Hollanda’da ya da Belçika’da ayrımcılığı her türlüsünü yadsıyan biz konu Türkiye’ ye gelince bir donup kalıyoruz.
Her konuyu teröre bağlayıp oh olsun diyoruz.
İnsanlar ölüyor.
Başka örnekler de verebilirim.
Kimine göre bir sokak sanatçısı Cihan Aymaz, kimine göre kahraman kimine göre kurban kimine göre bilmem ne ?
Cihan Aymaz Türkiye Cumhuriyetinde yaşayan bir insan ve bir sarhoş insan tarafından Kadıköy’de bıçaklı saldırı sonucu öldürüldü.
Dedim ya spekülasyonlar çok.
Onlara hiç girmeyelim , zaten çıkalım onlardan.
Doğru konuya ve doğru açıya odaklanalım.
Hiciv.
Edebiyat ve sanatta, bir kişi bir olay ya da durumun, iğneleyeci sözlerle , alaylı ifadelerle eleştirdiği bir türdür.
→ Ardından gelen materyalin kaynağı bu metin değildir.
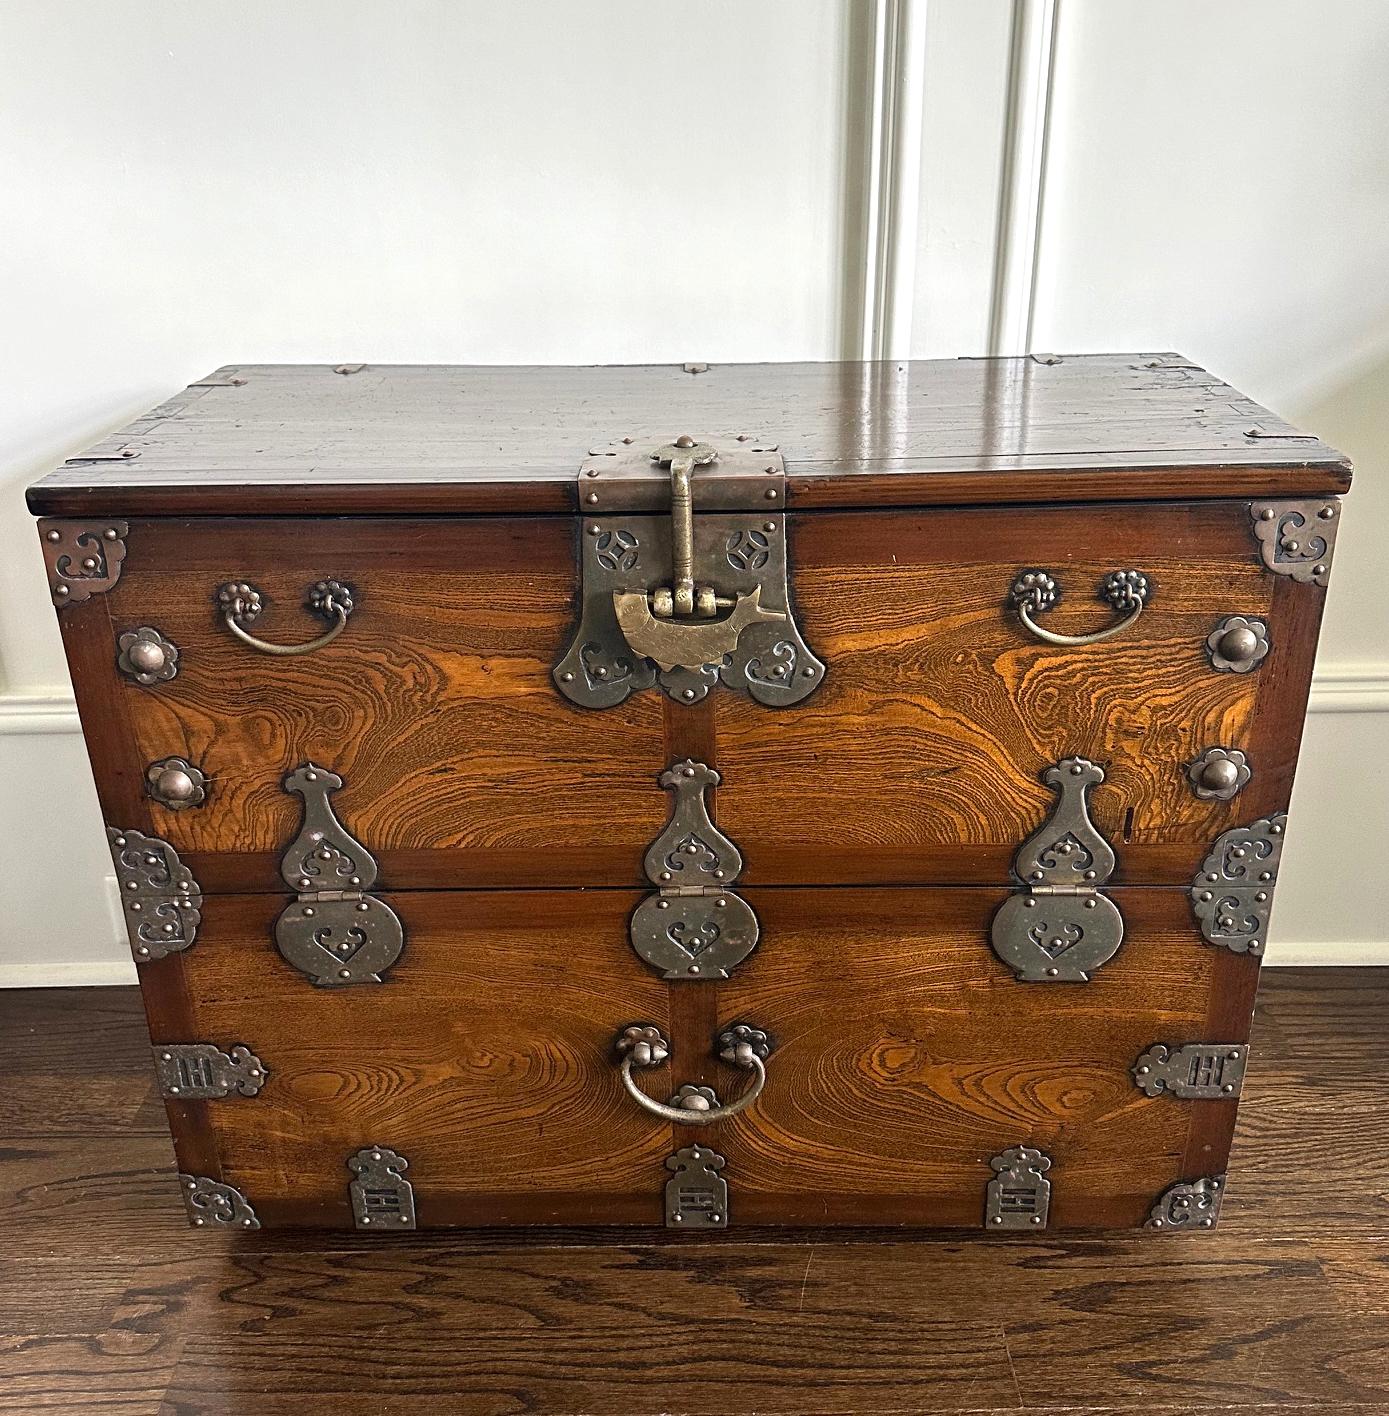 A Korean Bandaji Chest circa late 19th century (toward the end of Joseon Dynasty). Bandaji is known as drop-front half opening chest and was traditionally used to store household valuables and beddings. This well-proportioned Bandaji on offer was a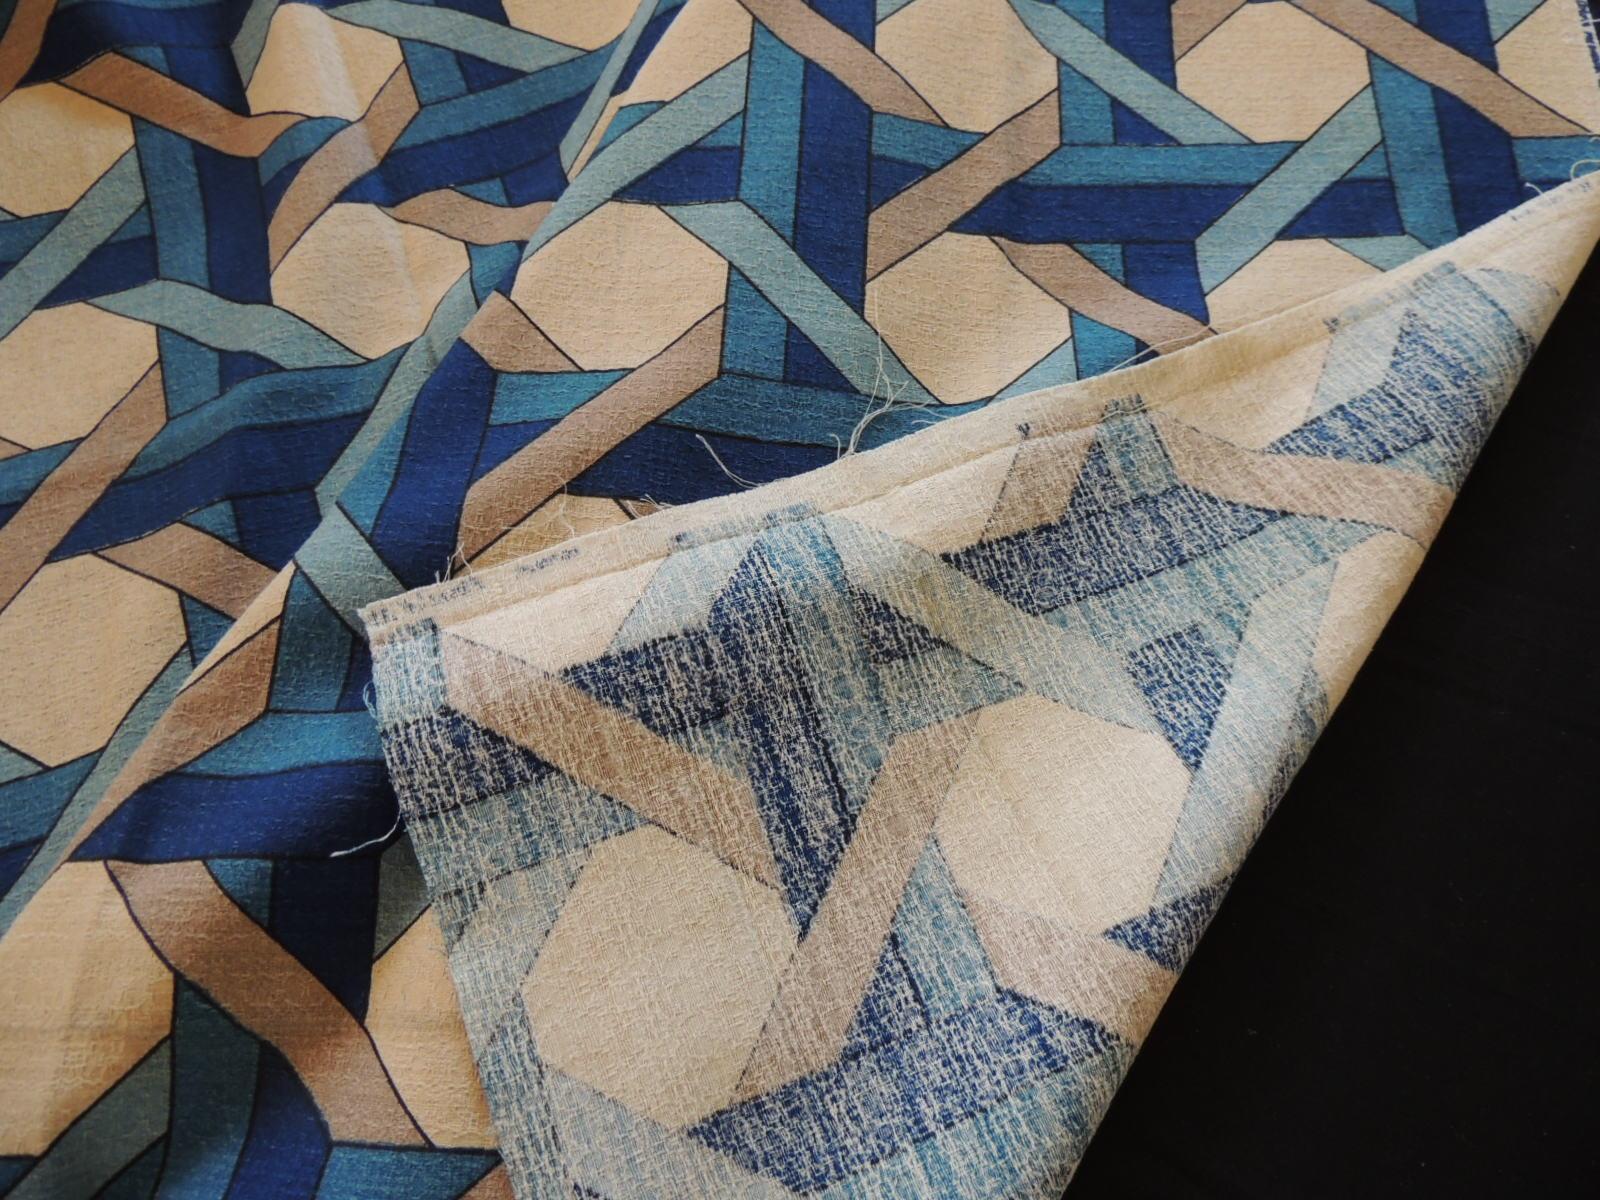 American Fabric by The Yard, Vintage Blue and Tan Trellis Pattern Bark Cloth Textile

Yergi ile eş anlamlıdır.
Yeni kısık sesle bir şeyler söylemek ve mırıldanmak anlamına geli aslına bakarsanız.
Cihan Aymaz’ da kendi çapında öyle yapmış.
Sokak sanatçısı istenen şarkıyı çalmayıp öldürülünce olanlar olmuş.
Yargı tam kararını vermeden spekülasyonlara göre karar vermek çok zor.
Siyasetin çalkalandığı artık her söylenenin bir tarafa çekilip kullanıldığı zamanda da yorum yapmak inanılmaz derecede zor.
Altı üstü oy kullanacağız ve sandık sonuçları her şeyi belirleyecekken nedir bu şiddetin dozu?
Ah Türkiyem vah Türkiyem !
Yiğit muhtaç olmuş kuru soğana bilmem söylesem mi söylemesem mi ? Türküsü ne hale gelmiş.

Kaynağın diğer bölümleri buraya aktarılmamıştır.